Usually the "lever arm" is defined as the perpendicular distance from the line of force to the axis of rotation. So by that definition, the lever arm decreases.

The length of the plank doesn't change, so I suspect that's what you meant.
Kevodaboss said:
So is the perpendicular force decreasing because after the plank tilts downwards, the force of gravity downwards has both a horizontal component and a vertical component with respect to the plank (force of gravity stays the same)?
Right. The component of the weight perpendicular to the plank decreases, so the torque decreases.
 
Ok, that makes sense. Thanks for the help!

Doc Al said:
Usually the "lever arm" is defined as the perpendicular distance from the line of force to the axis of rotation.

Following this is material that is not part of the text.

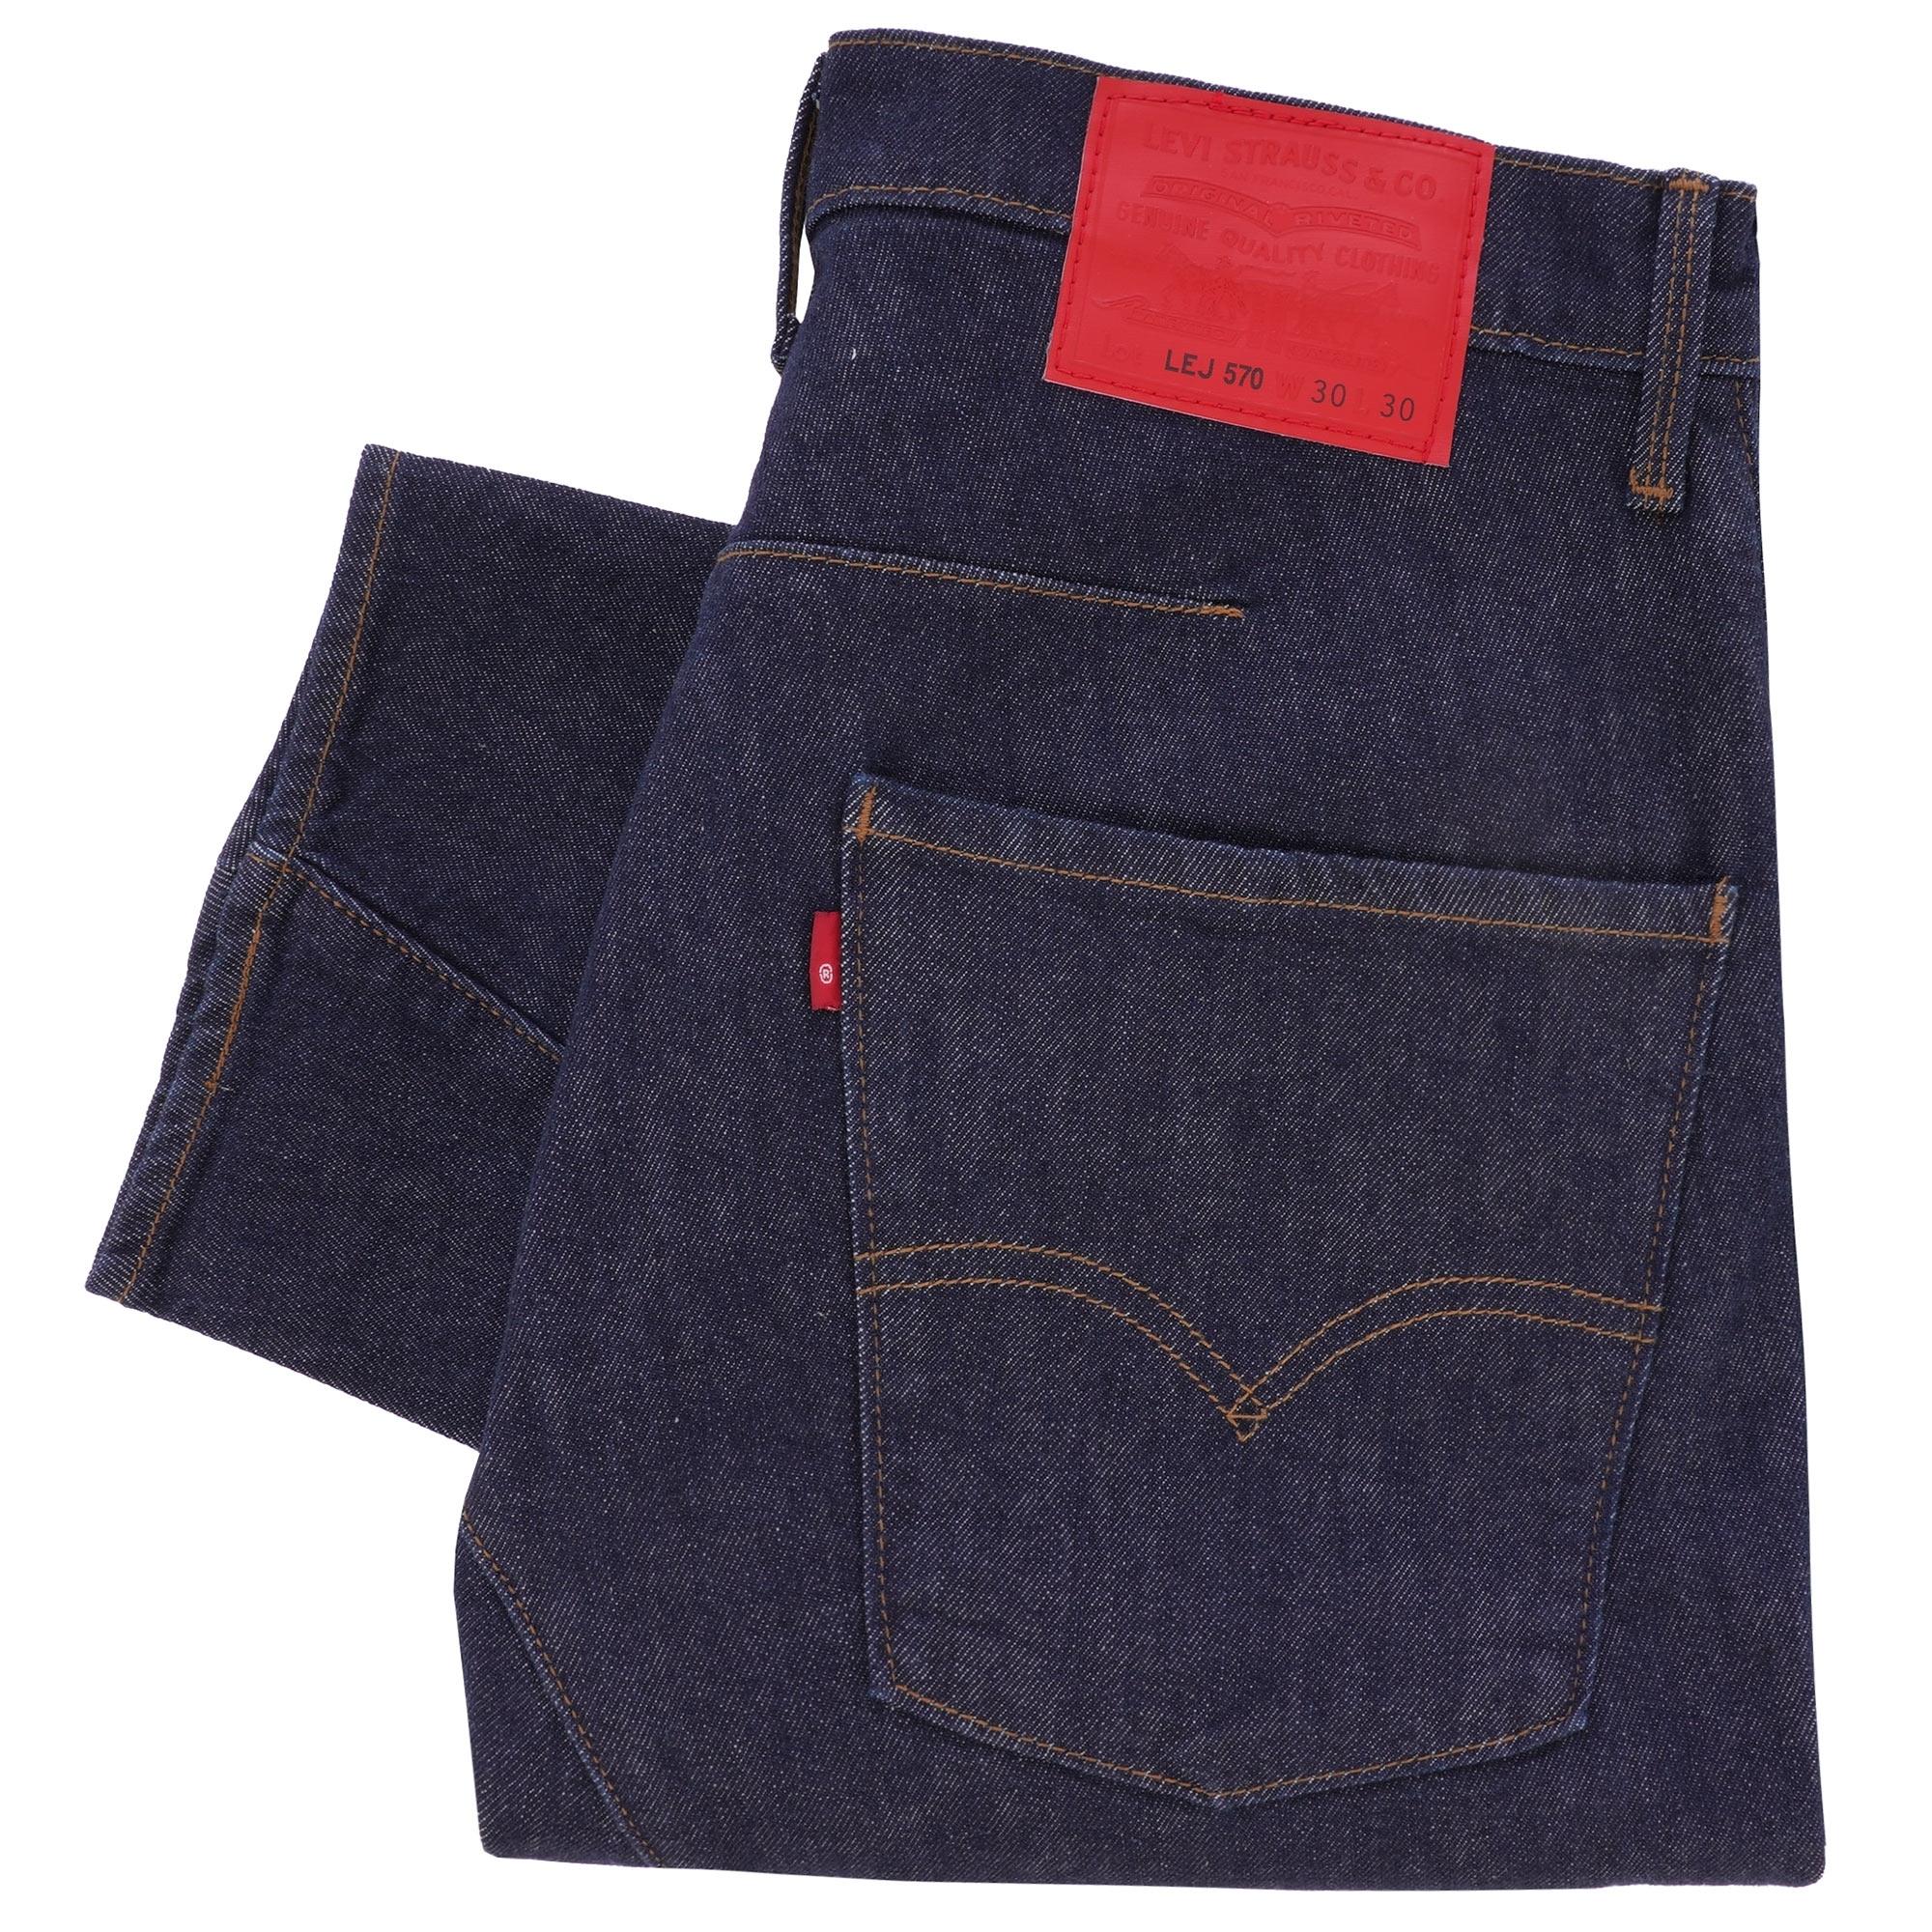 Engineered Jeans Levis Austria, SAVE 46% - aveclumiere.com

So by that definition, the lever arm decreases.

The length of the plank doesn't change, so I suspect that's what you meant.

Right. The component of the weight perpendicular to the plank decreases, so the torque decreases.
 
Kevodaboss said:

The Attempt at a Solution


The solution to this problem is that τ=I α, therefore if torque decreases, then angular acceleration increases.

Check that.
 
CWatters said:
Check that.

What do you mean?
 
CWatters said:
Check that.

Oops never mind. I meant if torque decreases, angular acceleration decreases
 
Kevodaboss said:
Oops never mind. I meant if torque decreases, angular acceleration decreases
I had assumed you just messed up that sentence, since what followed didn't depend on it. (Otherwise I would have said something.)
 
Doc Al said:
I had assumed you just messed up that sentence, since what followed didn't depend on it. (Otherwise I would have said something.)

Yeah, just a typo. Thanks for all the help!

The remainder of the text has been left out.